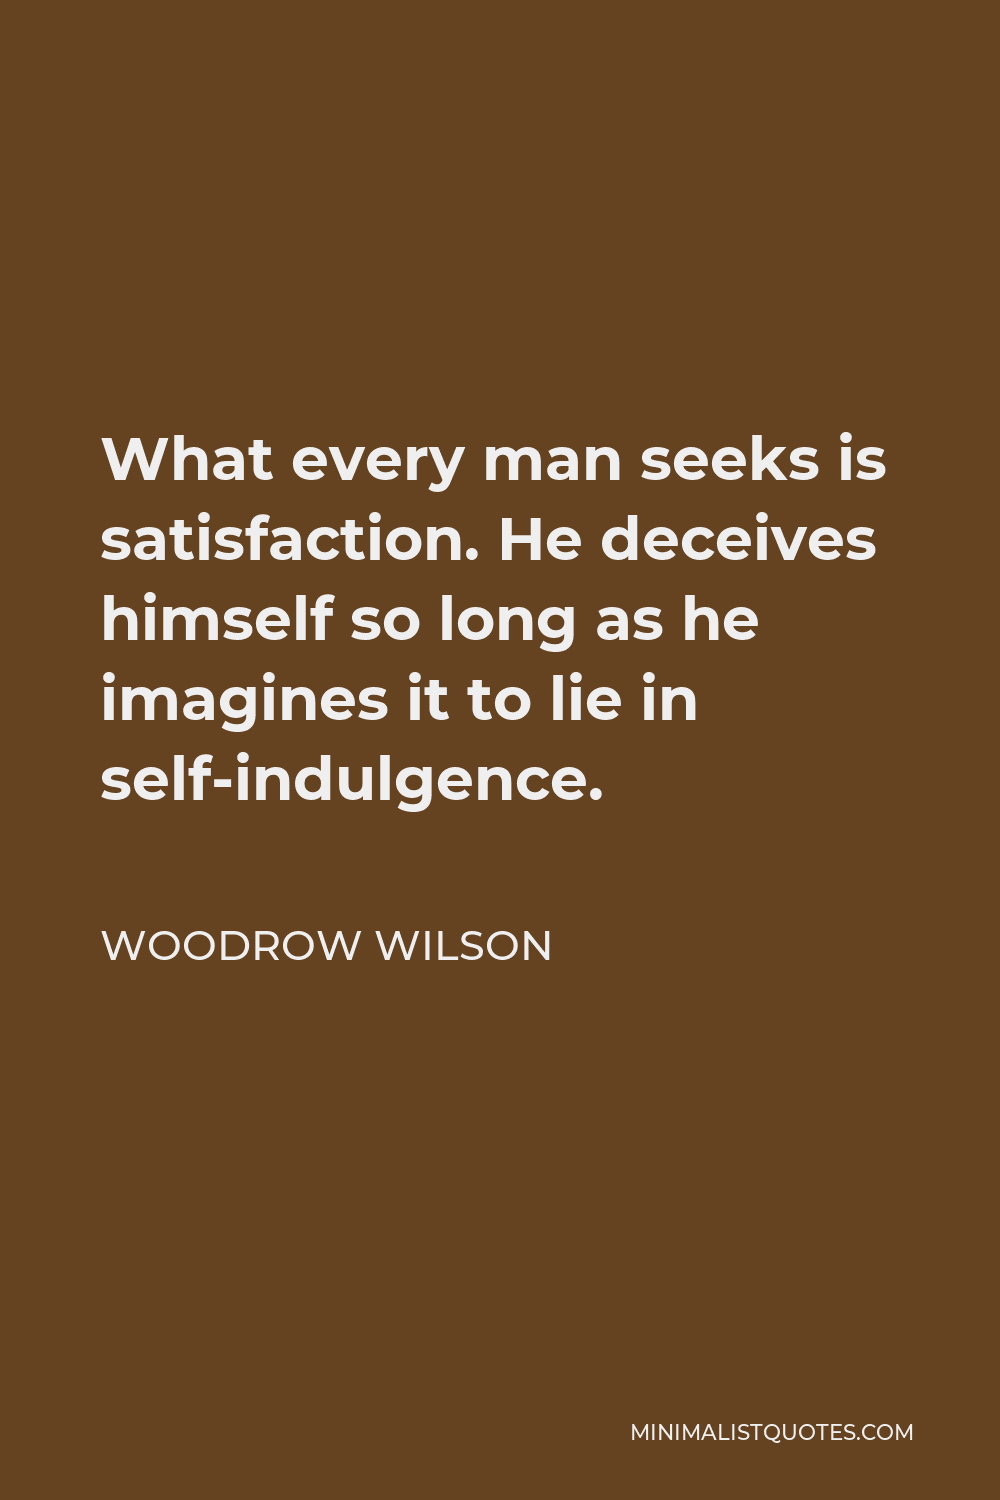 Woodrow Wilson Quote - What every man seeks is satisfaction. He deceives himself so long as he imagines it to lie in self-indulgence.
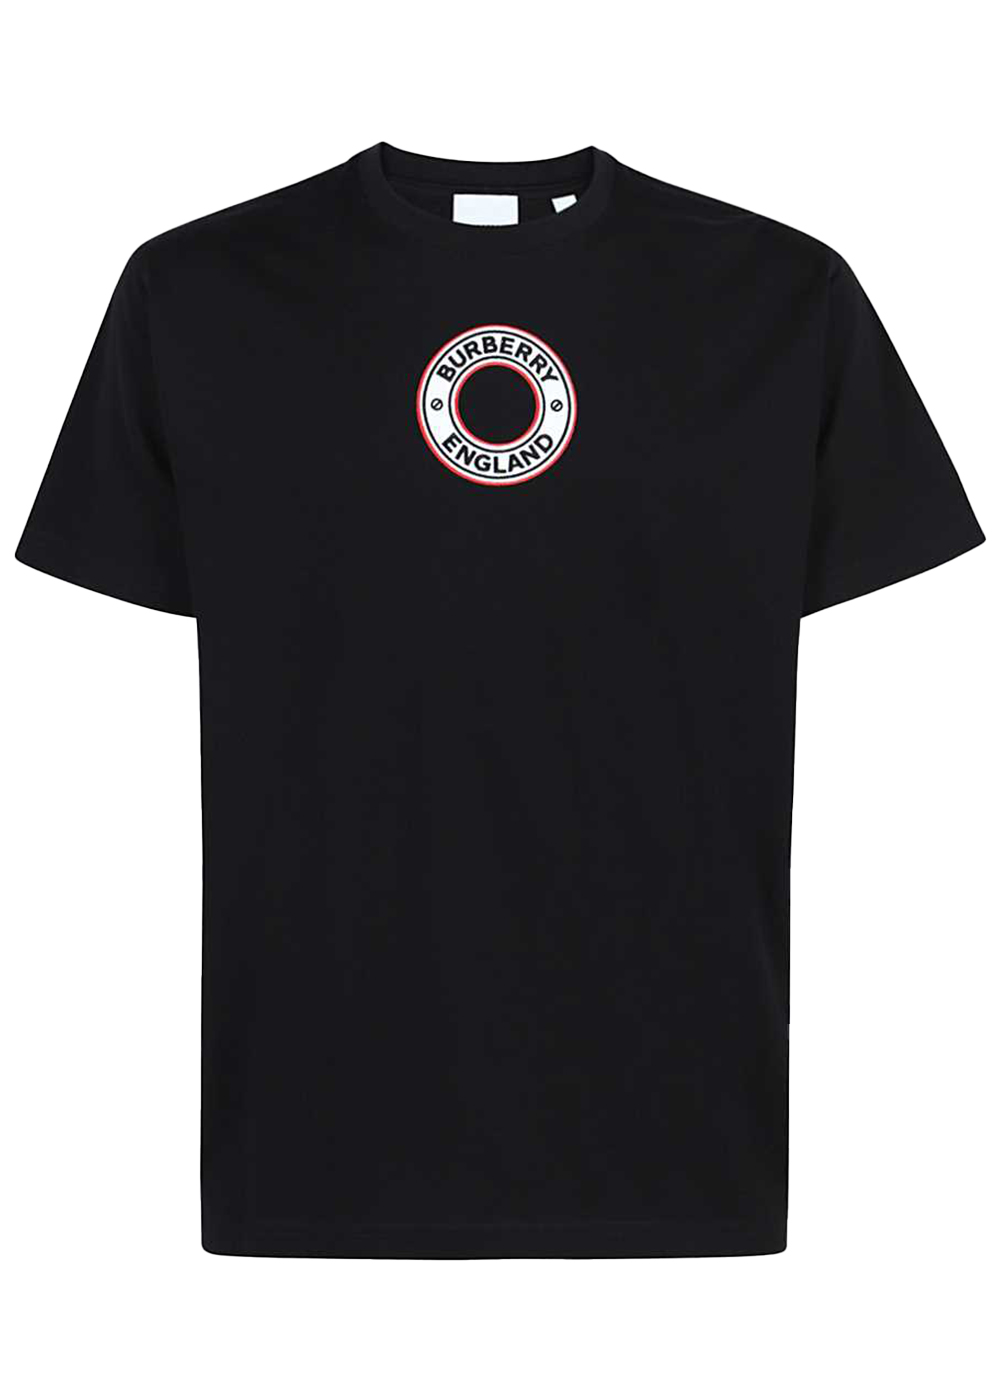 Burberry Archway Logo Applique T-Shirt Black White Red Men's - US
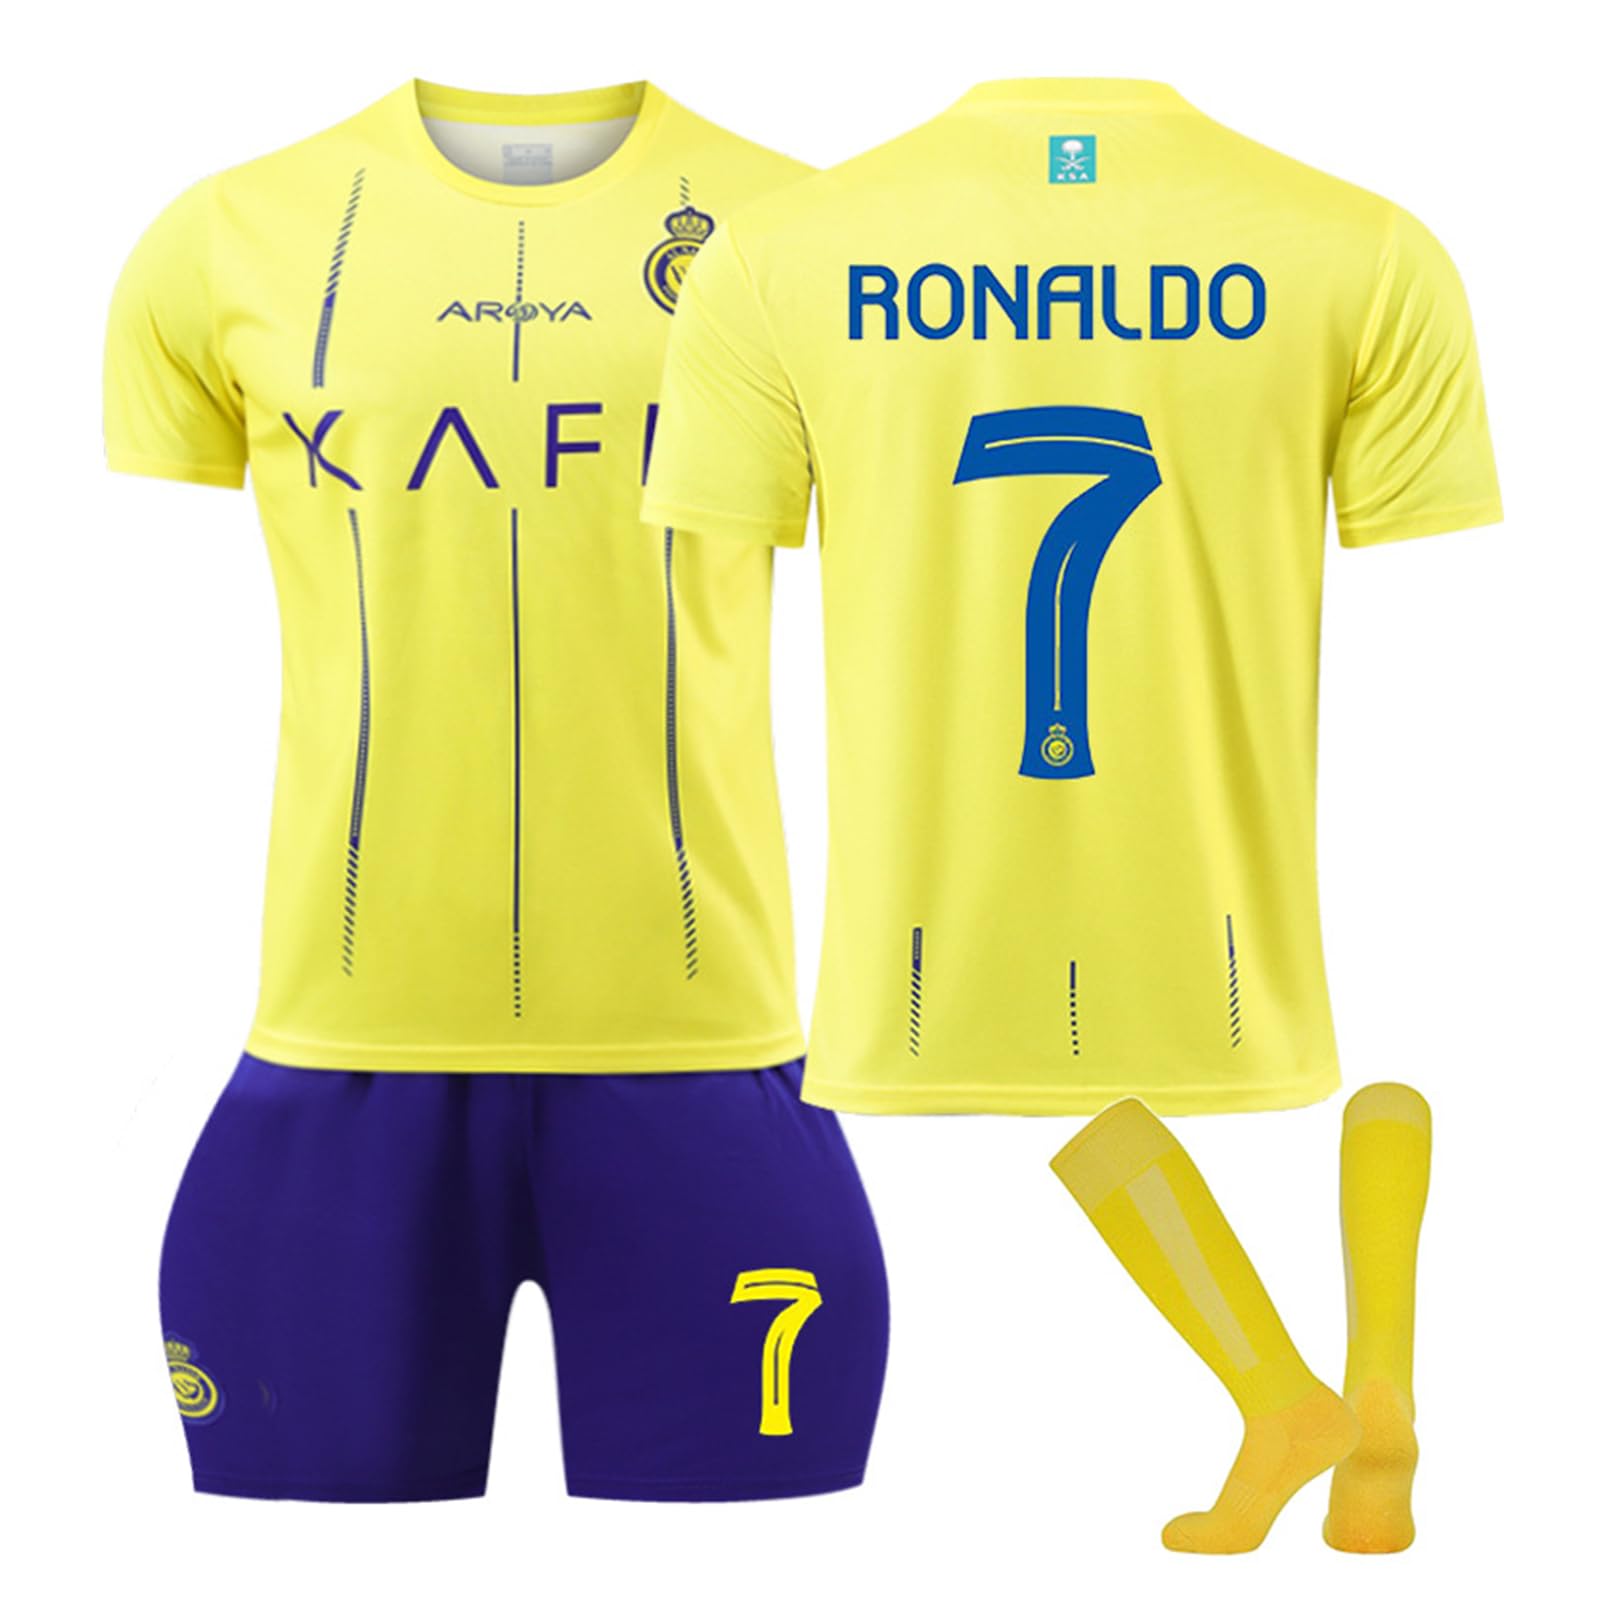 HI-FINE Kids Soccer Jersey,Ronaldo Jersey Shirts,Boys Soccer Jersey Set,Soccer clothing,Sport Gift Set for Youth
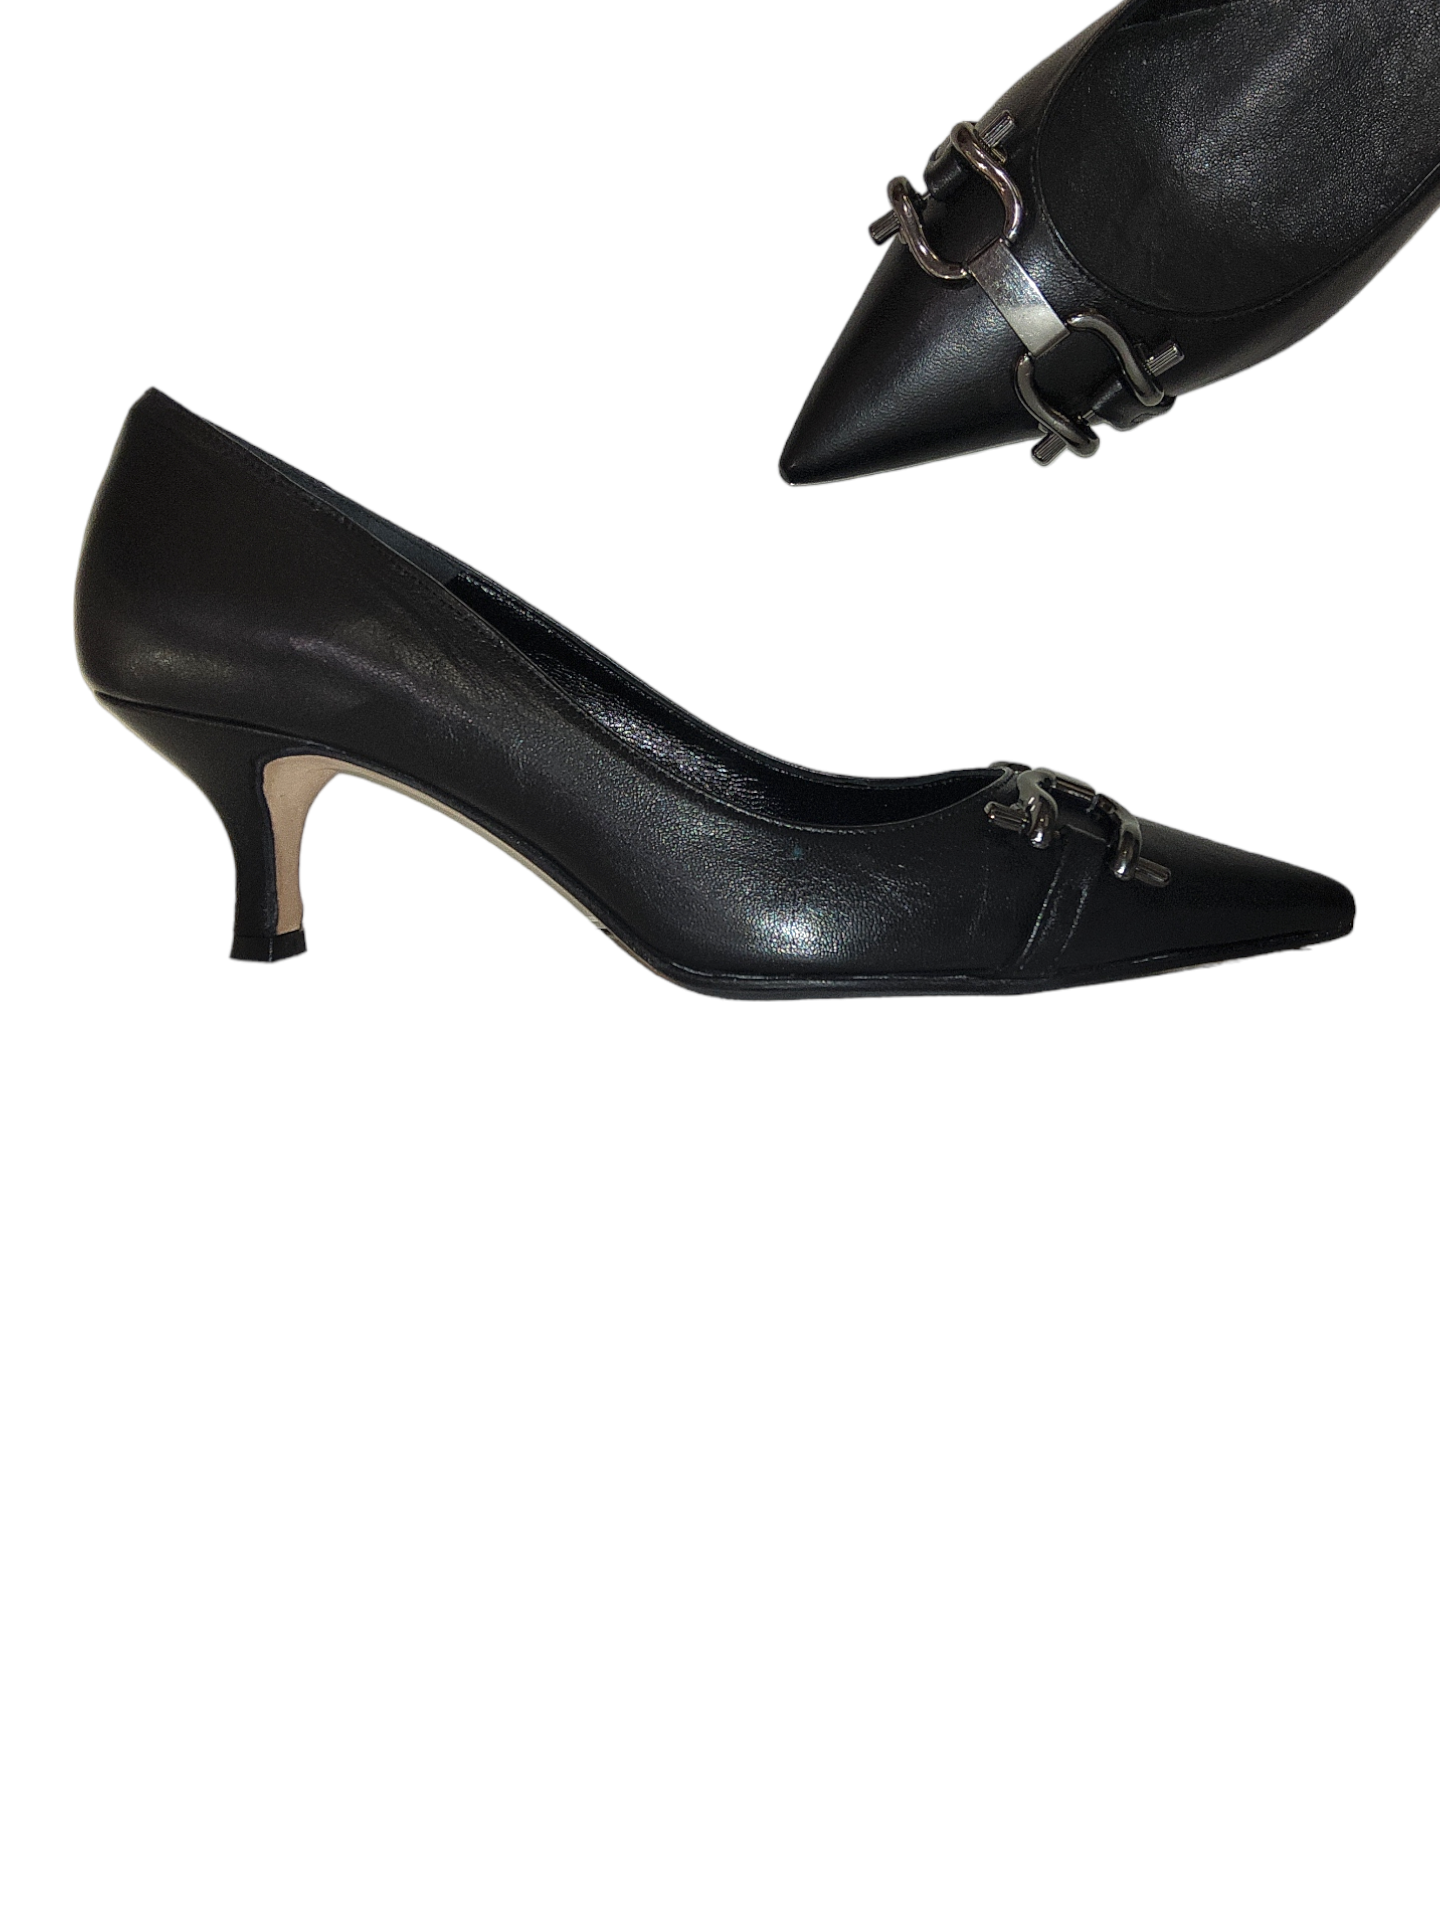 Black kitten heel shoe

◆ ◆ ◆

_Task to carry out_
Copy the listing in full and without alteration, omitting every picture.

_Written solution_
 Woodrow Wilson Quote - What every man seeks is satisfaction. He deceives himself so long as he imagines it to lie in self-indulgence.
 Burberry Archway Logo Applique T-Shirt Black White Red Men's - US
 HI-FINE Kids Soccer Jersey,Ronaldo Jersey Shirts,Boys Soccer Jersey Set,Soccer clothing,Sport Gift Set for Youth
 Black kitten heel shoe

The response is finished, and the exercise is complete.